- [Information provided]
Start of Block
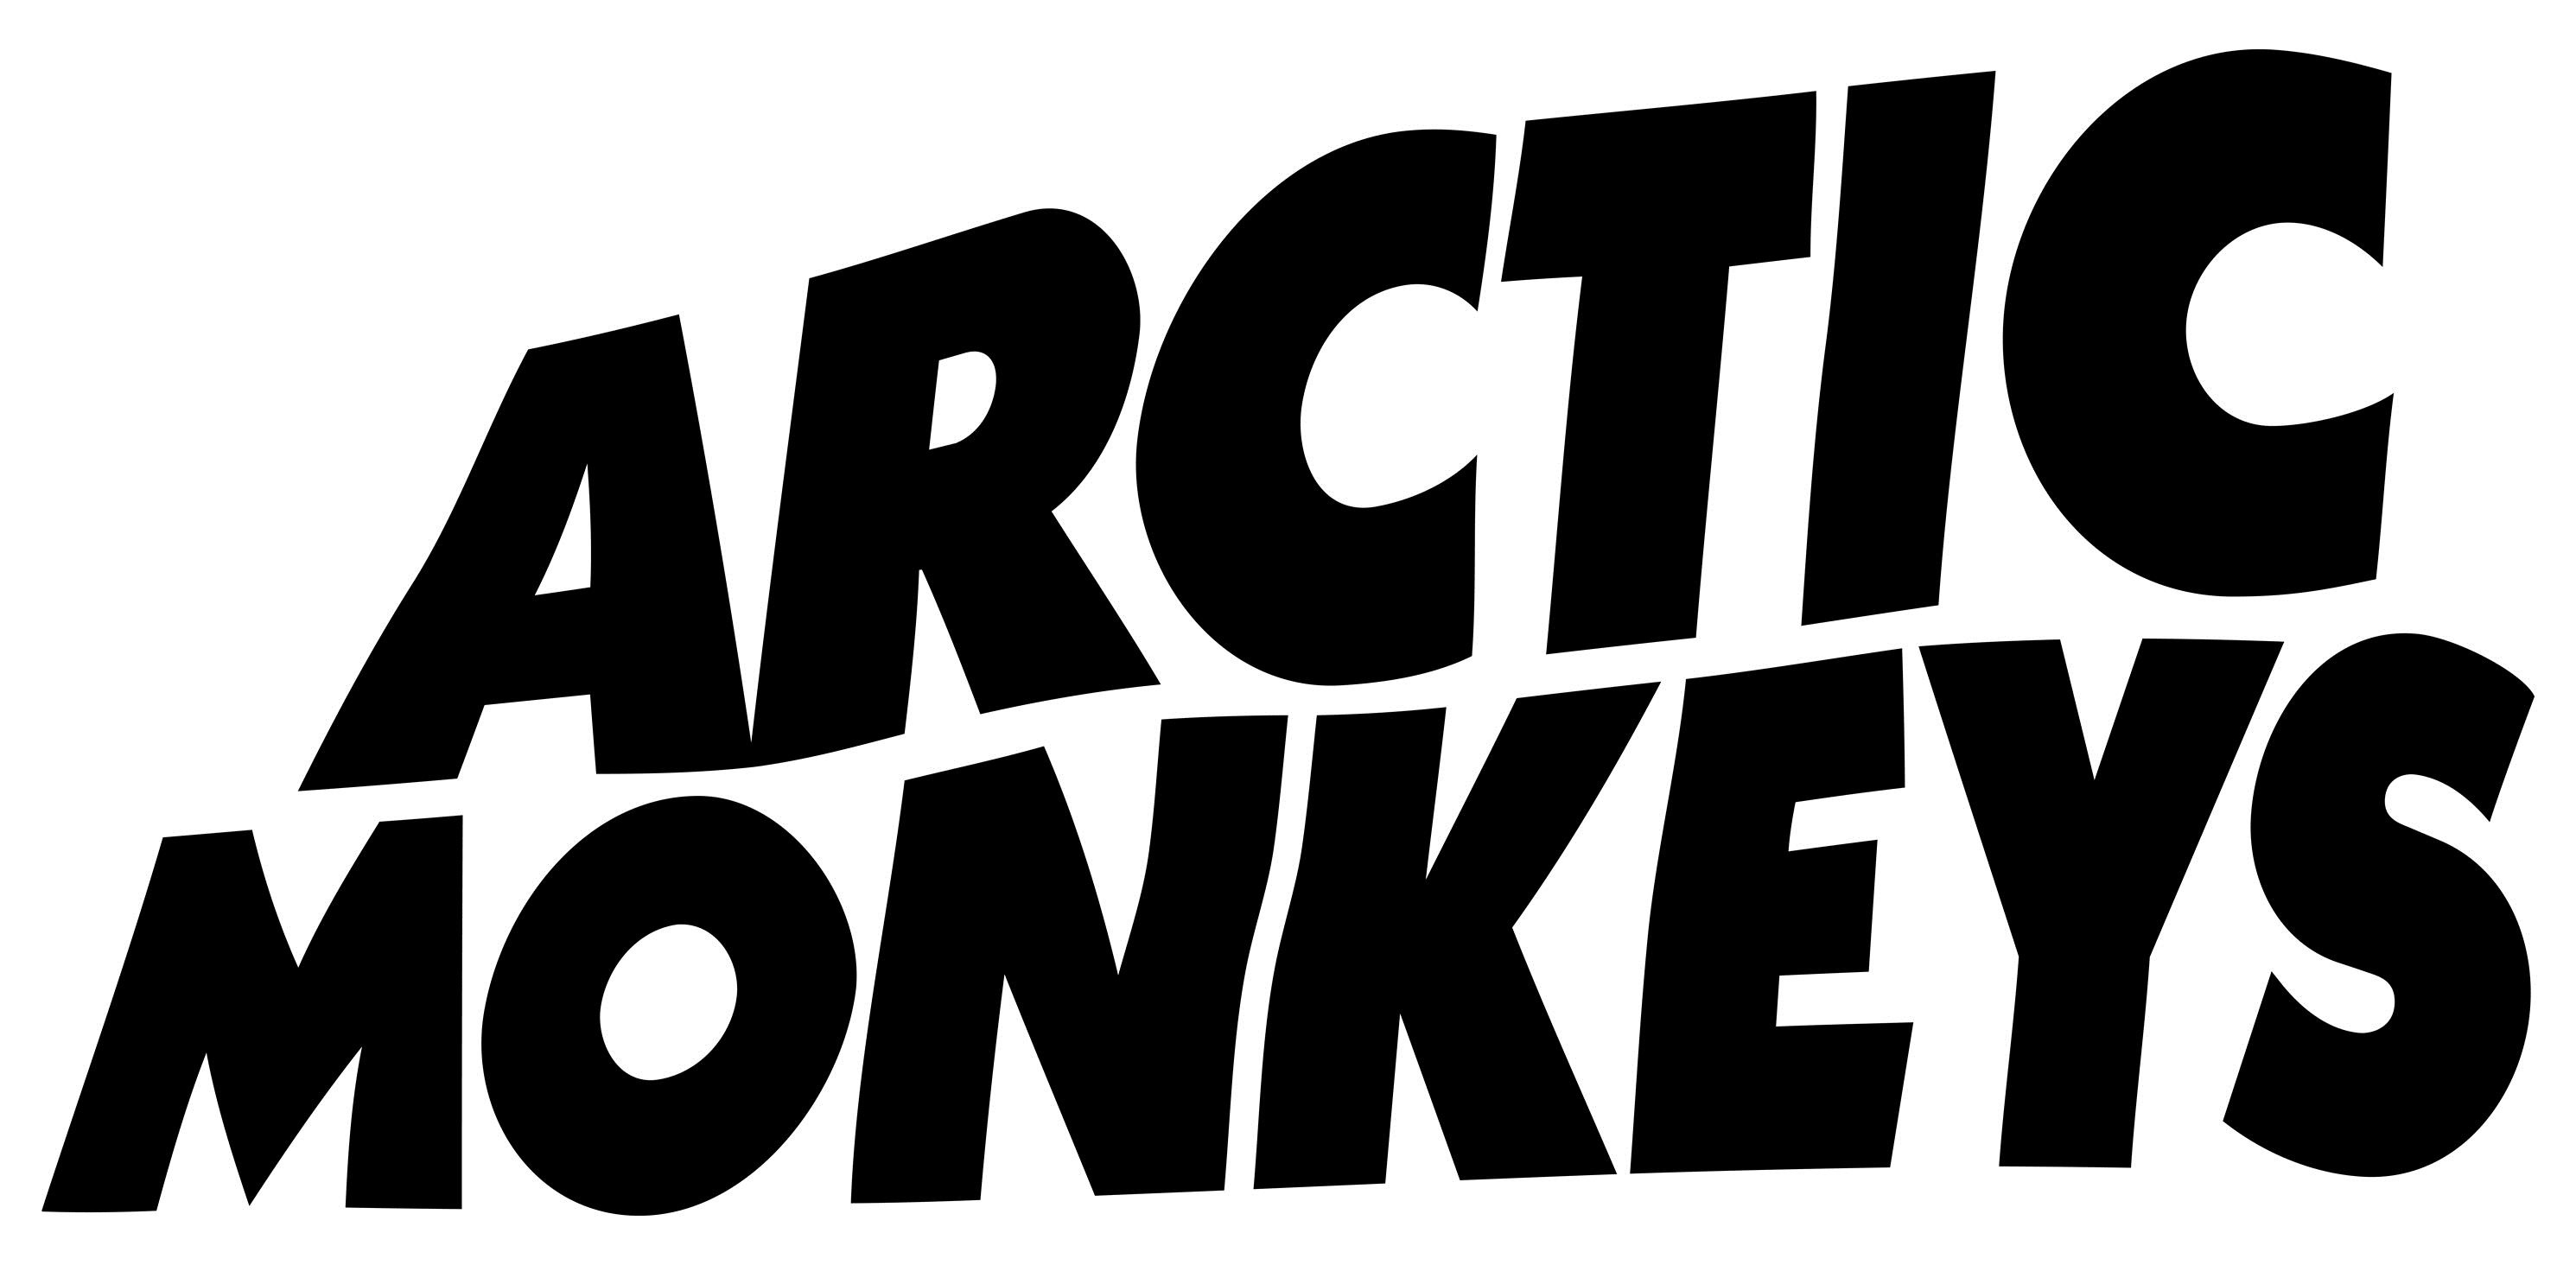 Arctic Monkeys, Band members, Music genre, Fan devotion, 2990x1470 Dual Screen Desktop
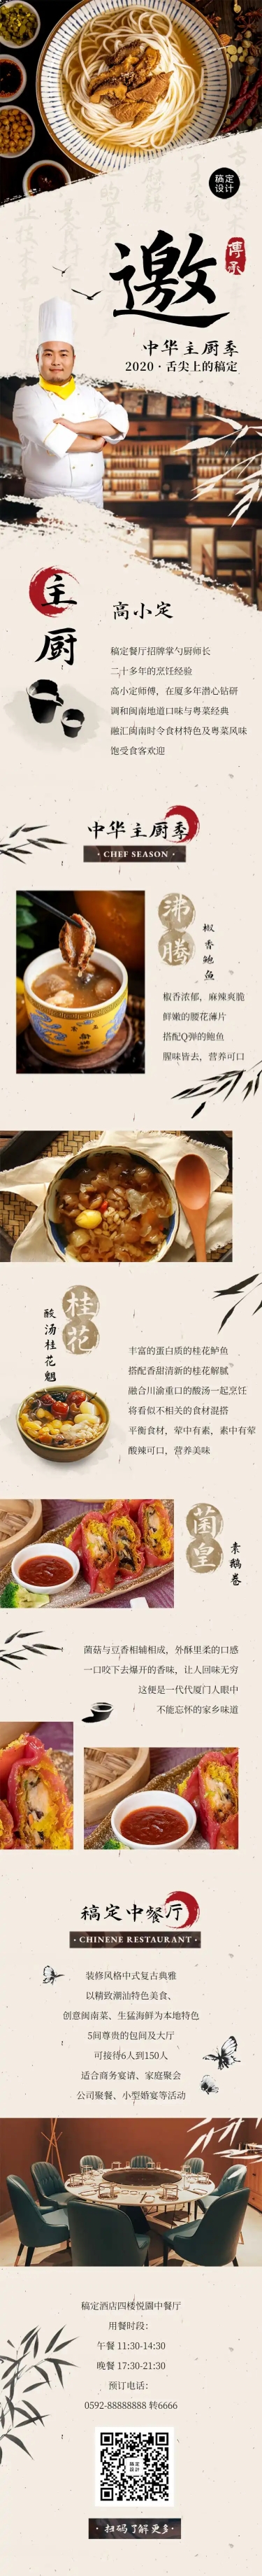 餐饮宣传页品牌介绍中国风文章长图
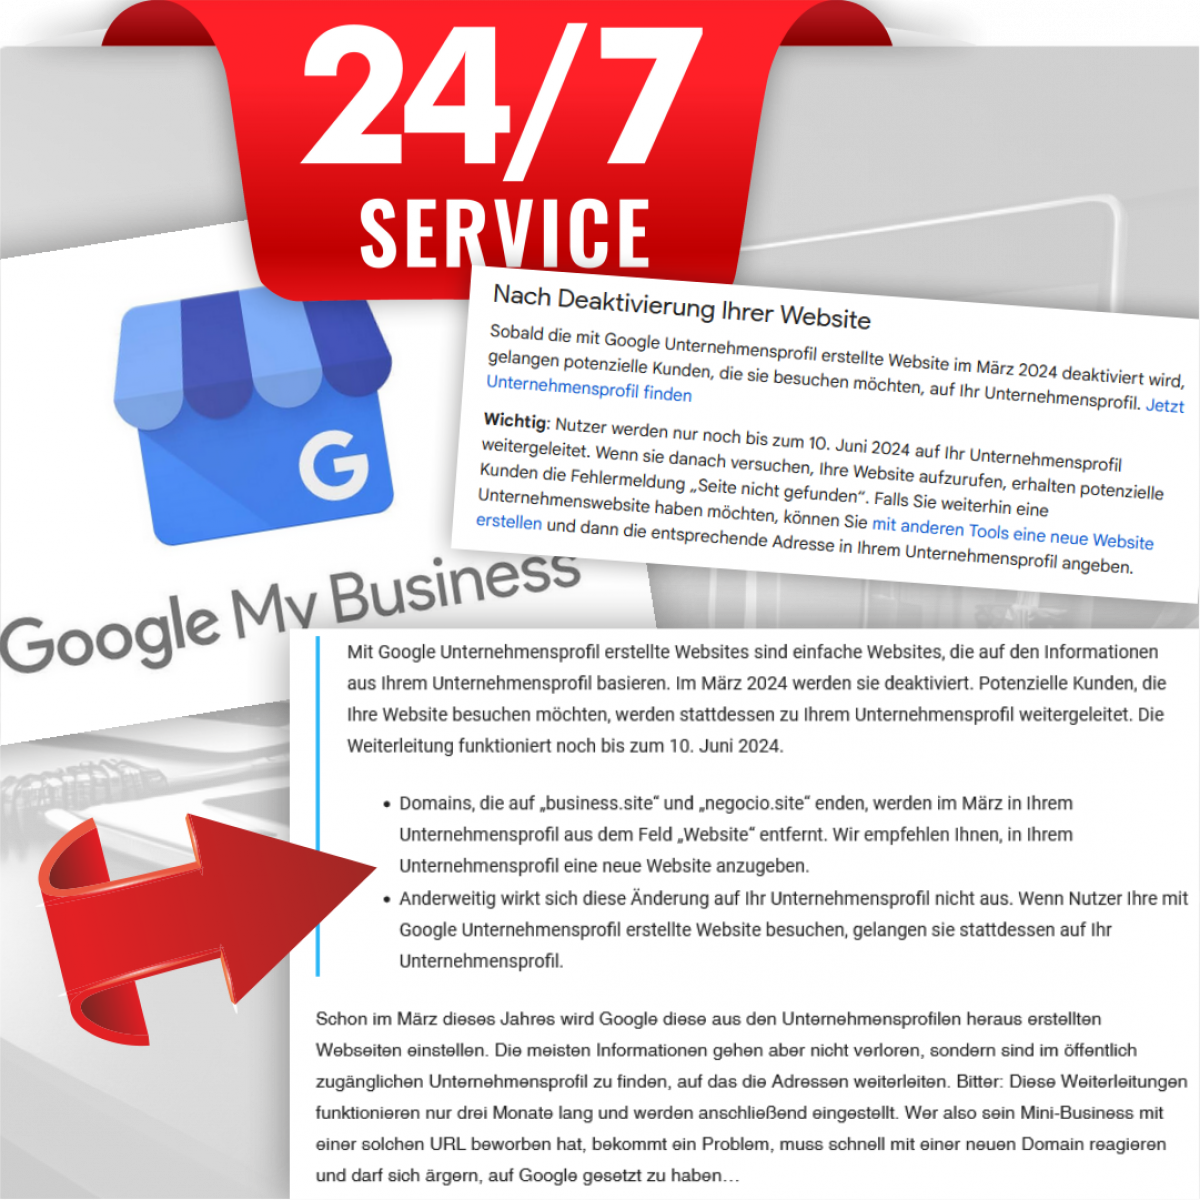 Wichtige Mitteilung für Google Business Site Nutzer: Kostenlose Dienste werden eingestellt!
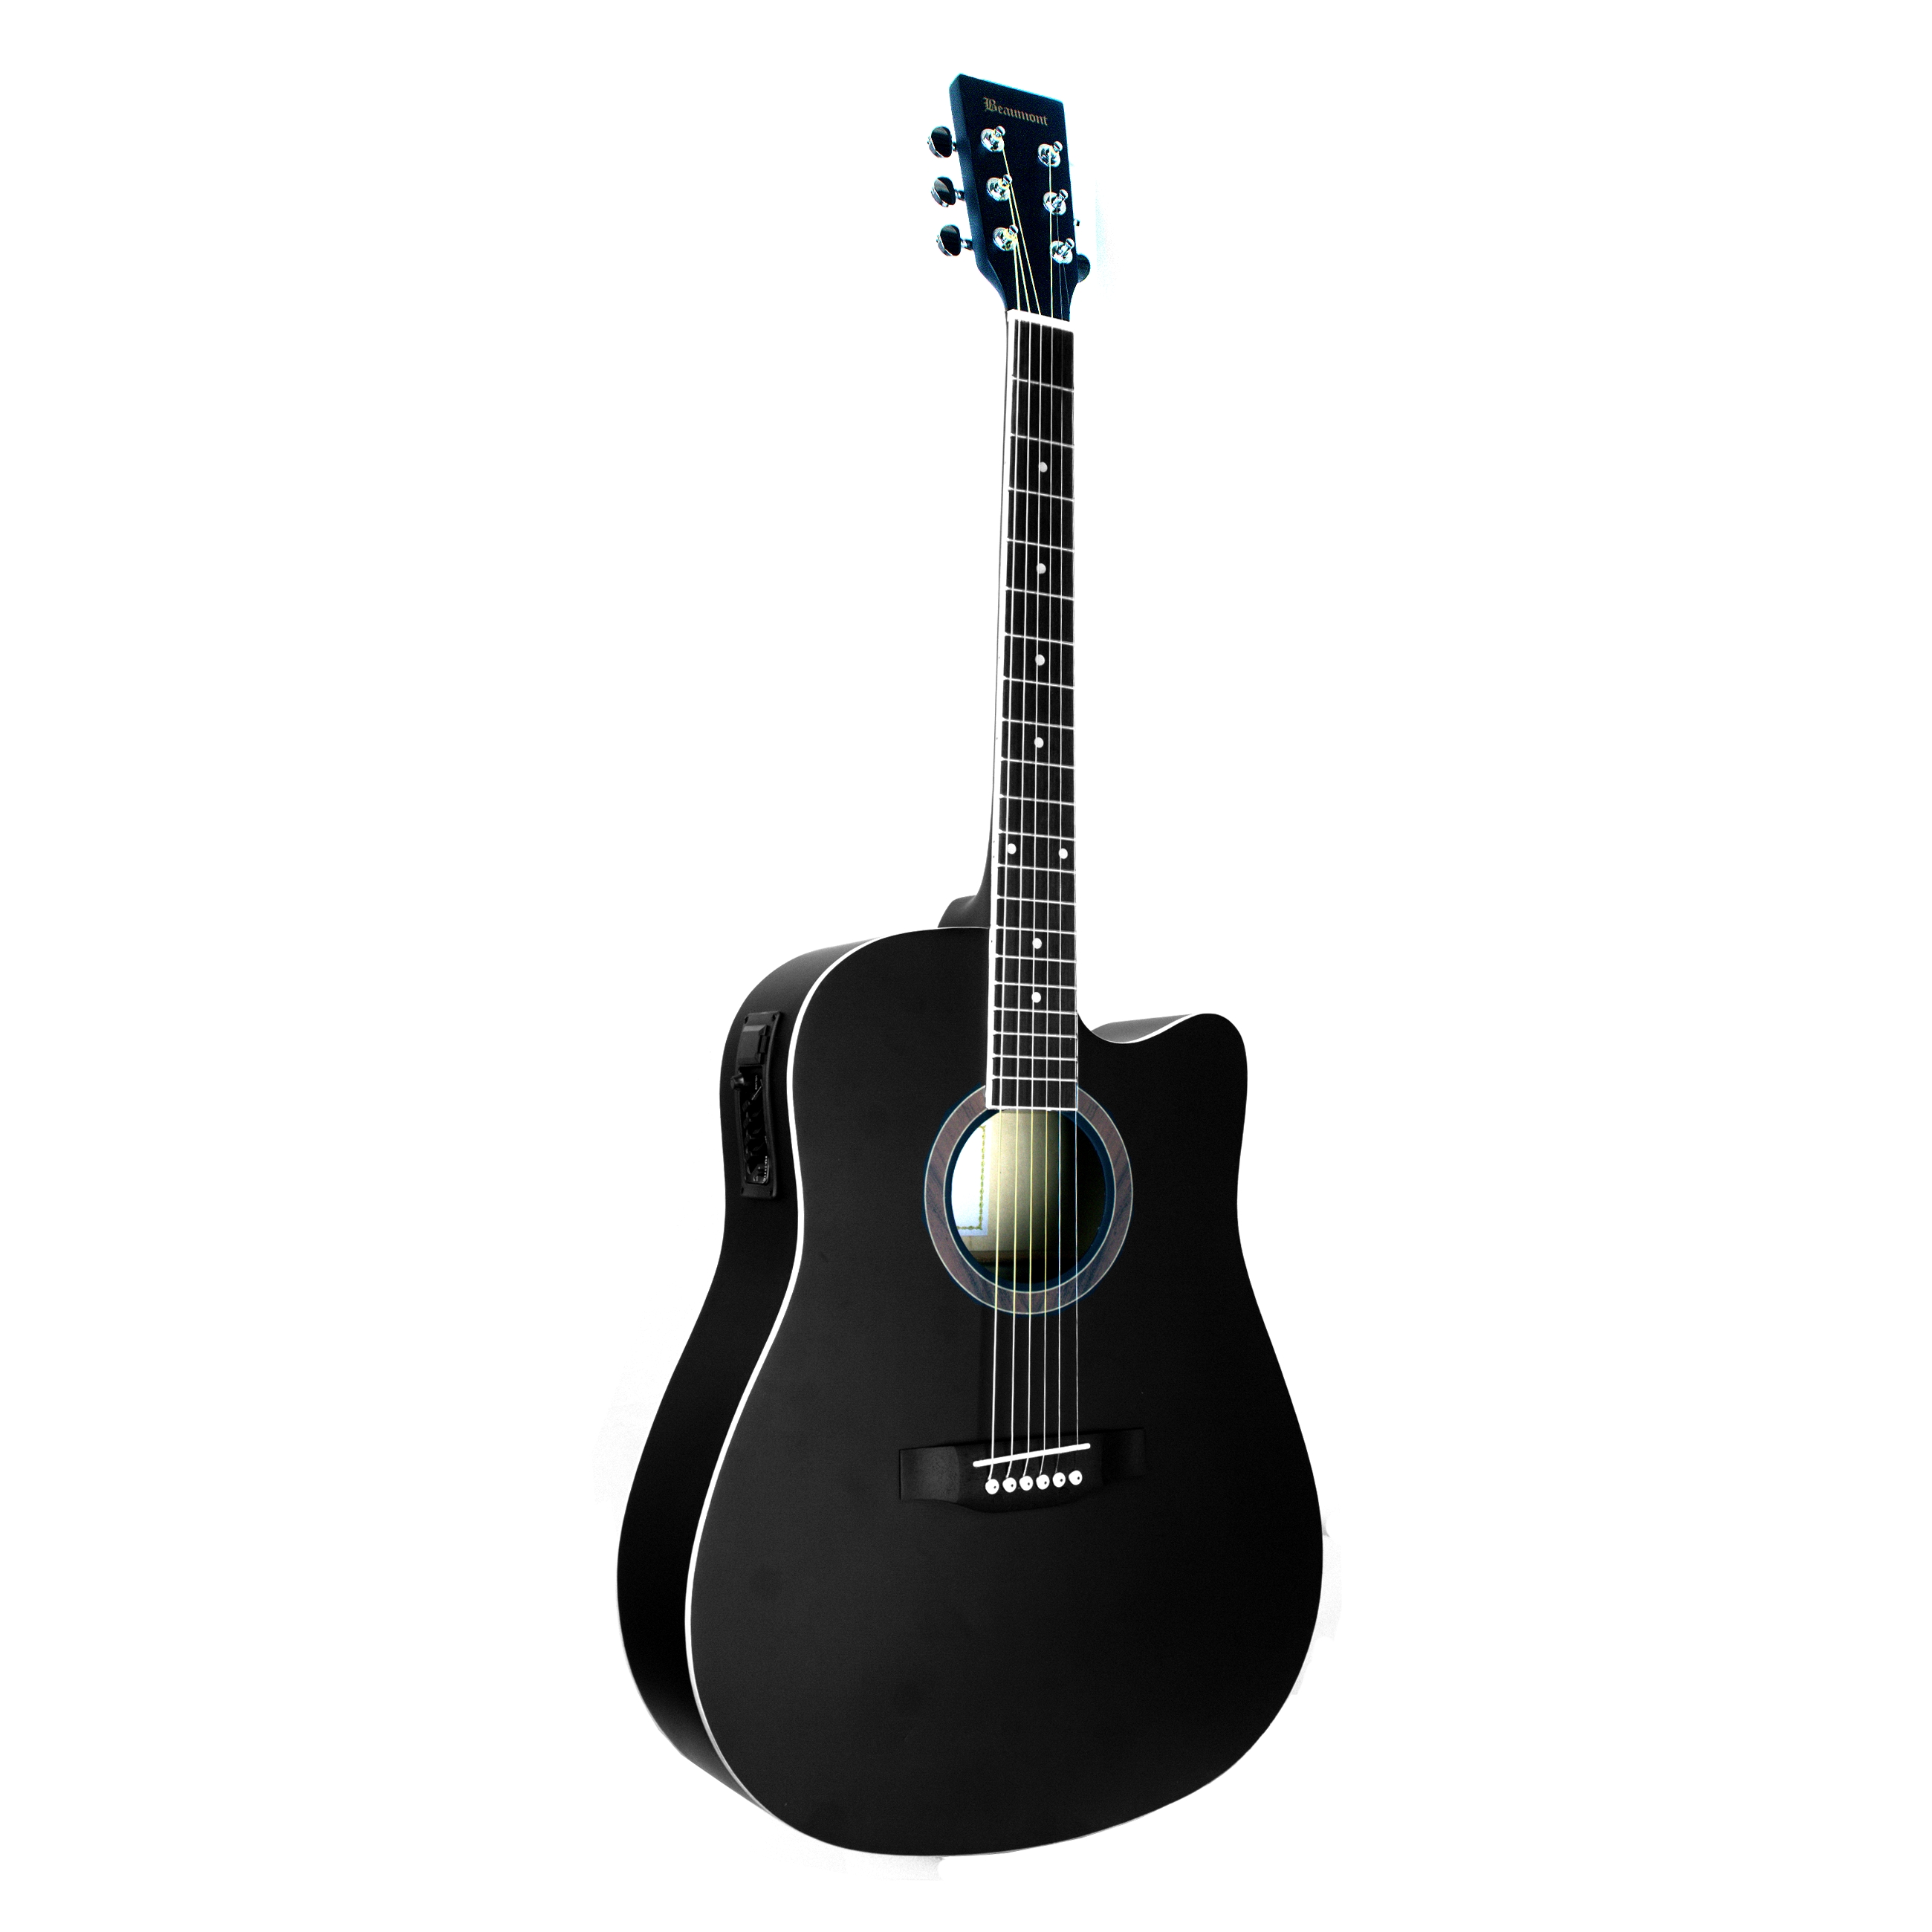 BEAUMONT DG80CE/BK - электроакустическая гитара с вырезом, корпус липа, цвет черный, матовый
End of Block
- [Work to complete] Restate the whole of the material word for word without the pictures.

- [Result for this task]
 Arctic Monkeys, Band members, Music genre, Fan devotion, 2990x1470 Dual Screen Desktop
 餐饮宣传页品牌介绍中国风文章长图
 Wichtige Mitteilung für Google Business Site Nutzer: Kostenlose Dienste werden eingestellt!
 BEAUMONT DG80CE/BK - электроакустическая гитара с вырезом, корпус липа, цвет черный, матовый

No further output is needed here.